A biopsy or swab should be performed on the laryngeal lesions for culture or histopathological examination to ascertain the diagnosis. To confirm the diagnosis of histoplasmosis, there are special staining methods, such as hematoxylin and eosin, Grocott’s methenamine silver, and periodic acid-Schiff stains [3, 6]. In the staining, hyphae can be seen in macrophages, and granulomas can also be seen [10]. The fungus can be successfully isolated on Sabouraud’s agar; however, this procedure may take up to 6 weeks [6]. Microscopically, histoplasmosis may have tuberculoid granulomas with caseous necrosis areas, which are features of tuberculosis, and chronic fungal infection may induce pseudoepitheliomatous hyperplasia, which mimics squamous cell carcinoma [3, 10]. Chest radiography, bone marrow biopsies, sputum, and urine cultures are recommended in laryngeal histoplasmosis cases to rule out disseminated disease [7]. In regards to the clinical signs on the laryngeal mucosa and histopathological examination, it poses a diagnosis dilemma as laryngeal carcinoma or laryngeal tuberculosis may also have similar appearances. Thus, it should be stressed that a thorough history-taking and physical examination should not only focus on the head and neck region. This is due to the fact that laryngeal histoplasmosis is usually associated with disseminated disease, with the digestive air tract and lungs specifically mentioned in various literatures [5].

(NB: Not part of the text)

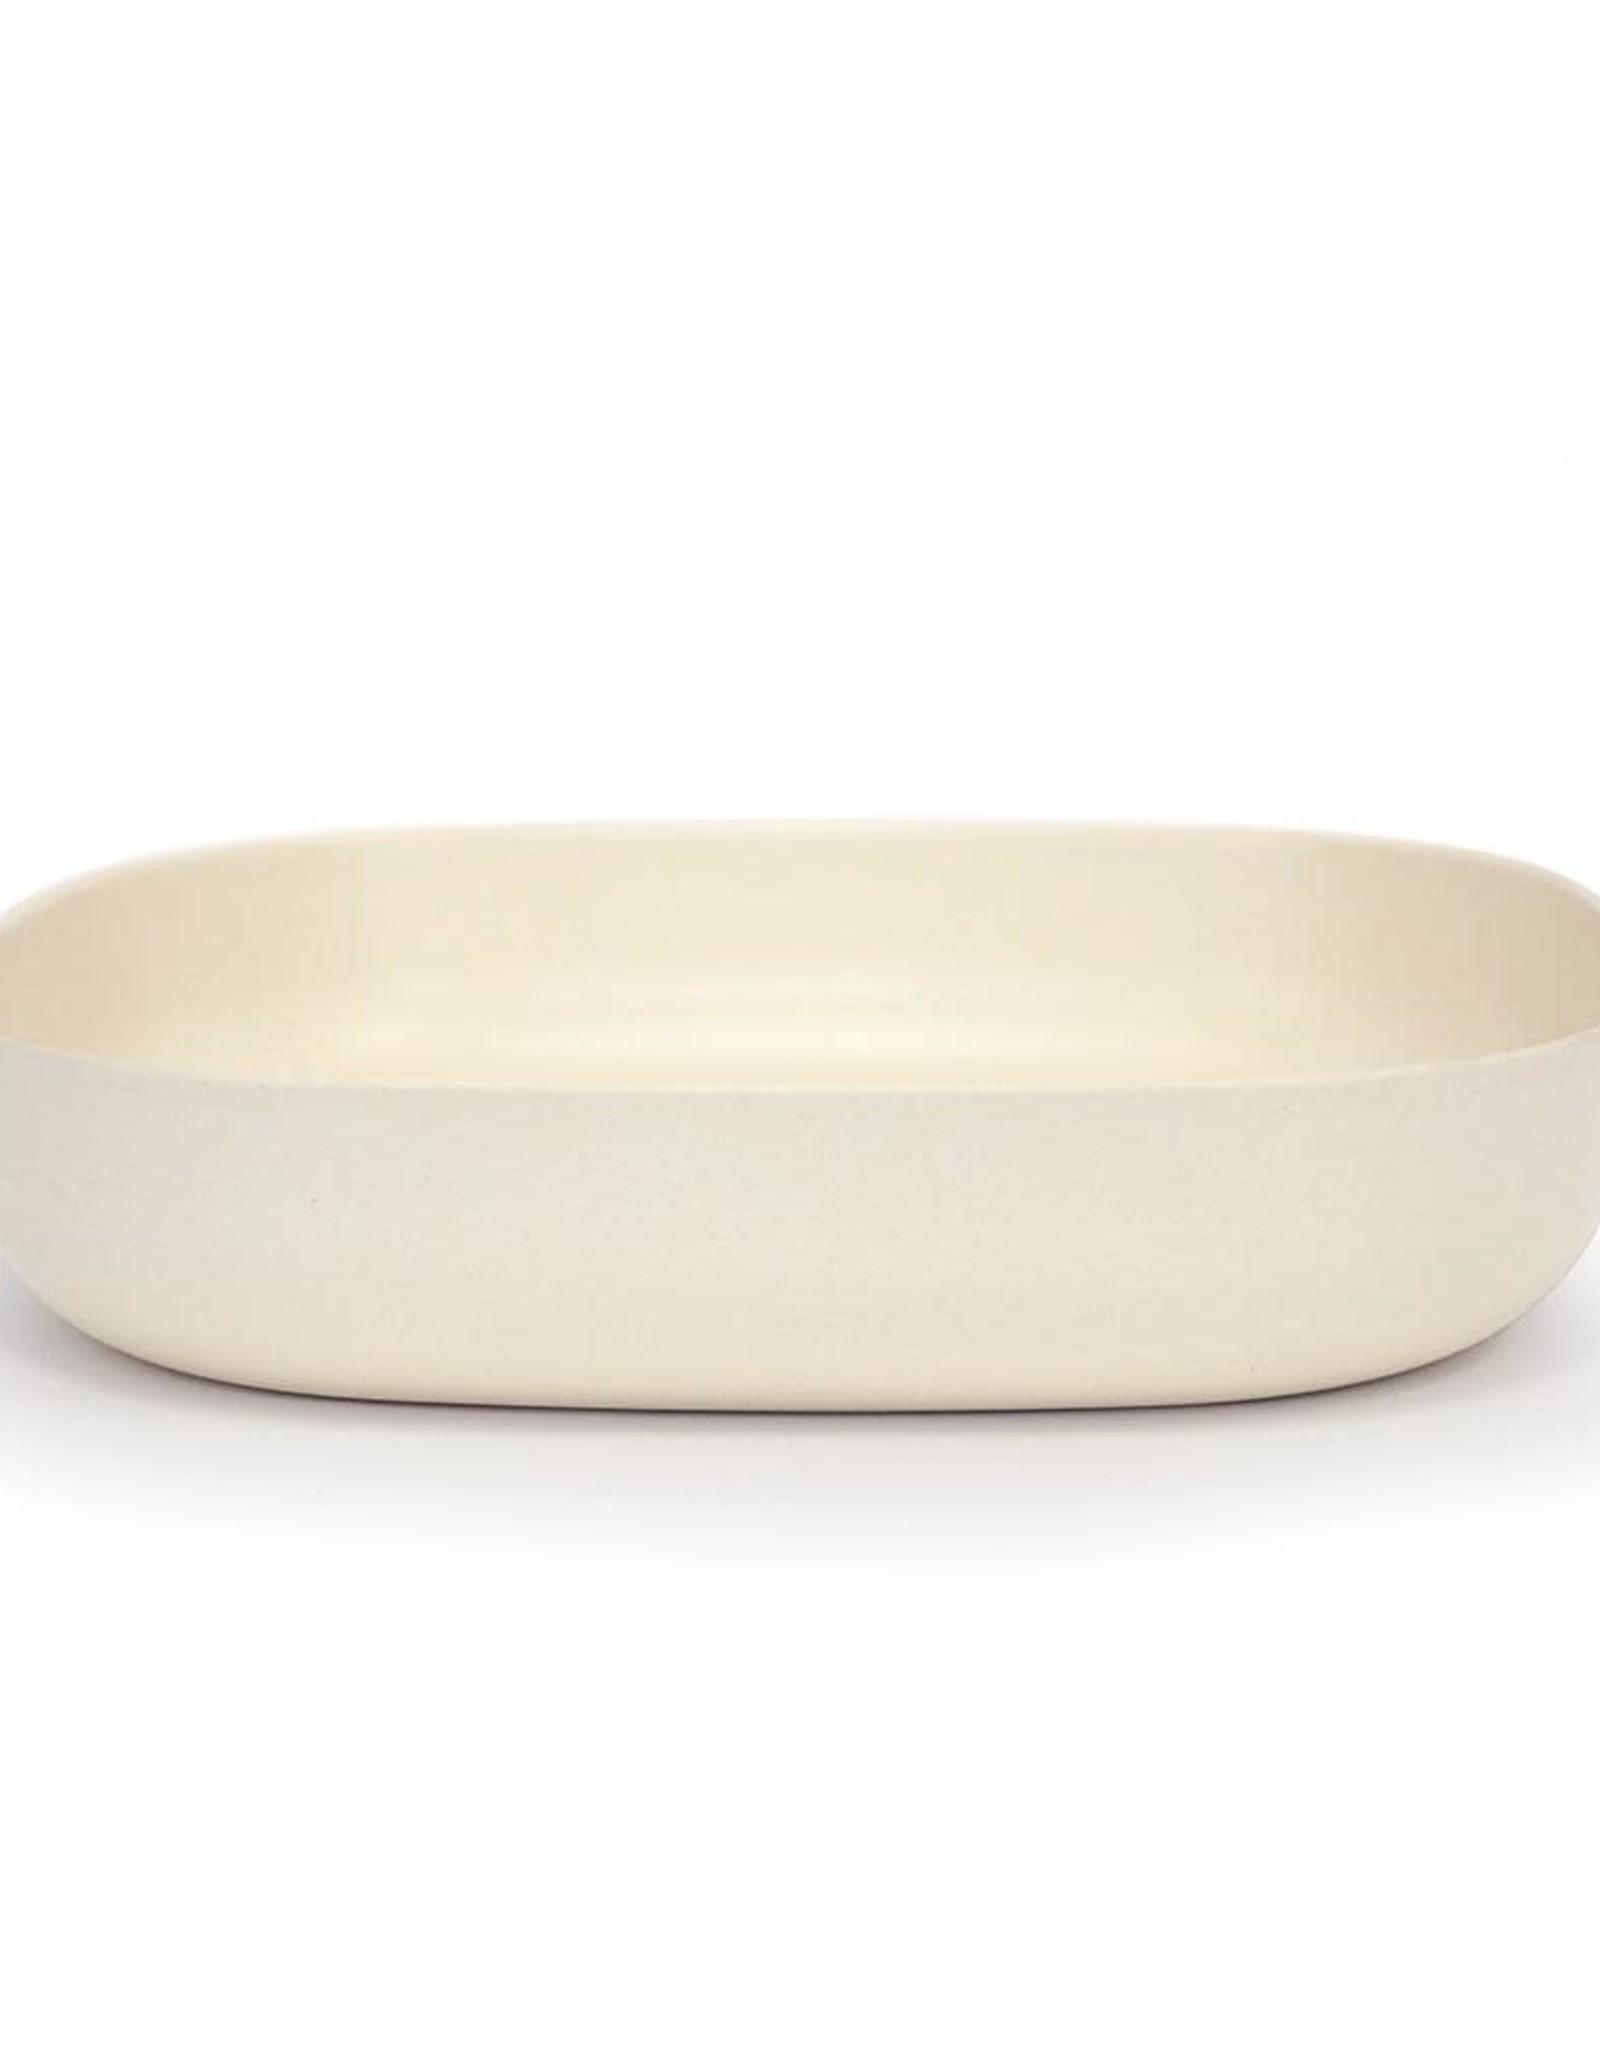 EKOBO USA Gusto 160 Large Serving Dish

The mainstay of treatment is IV amphotericin B, which is very effective for disseminated disease, and itraconazole to be given in the follow-up period. According to the Infectious Diseases Society of America, the recommended dosage for amphotericin B is 0.7–1.0 mg/kg/day, with a 2–4-month total administered dose of 35 mg/kg, and the dosage for itraconazole is 200 mg daily [3, 6]. Oral fluconazole (200–400 mg once a day) or oral ketoconazole (200–400 mg once daily) is alternatives if patients cannot tolerate amphotericin B, as studies have shown that oral antifungal’s effectiveness is comparable to amphotericin B [6, 11].

Conclusion

Primary laryngeal histoplasmosis is rare, as it is usually associated with disseminated disease that involves mainly the lungs. As a matter of fact, histoplasmosis should come to mind when diagnosing laryngeal pathology, especially in patients who have potential exposure or are immunocompromised. Due to the fact that its clinical features are not specific, it can lead to misdiagnosis, which may explain the low number of reported cases. The otolaryngologist should be aware of the existence of this condition and consider it a differential diagnosis in cases of laryngeal mass. Subsequently, perform specific staining to identify the organism and initiate the recommended antifungal treatment.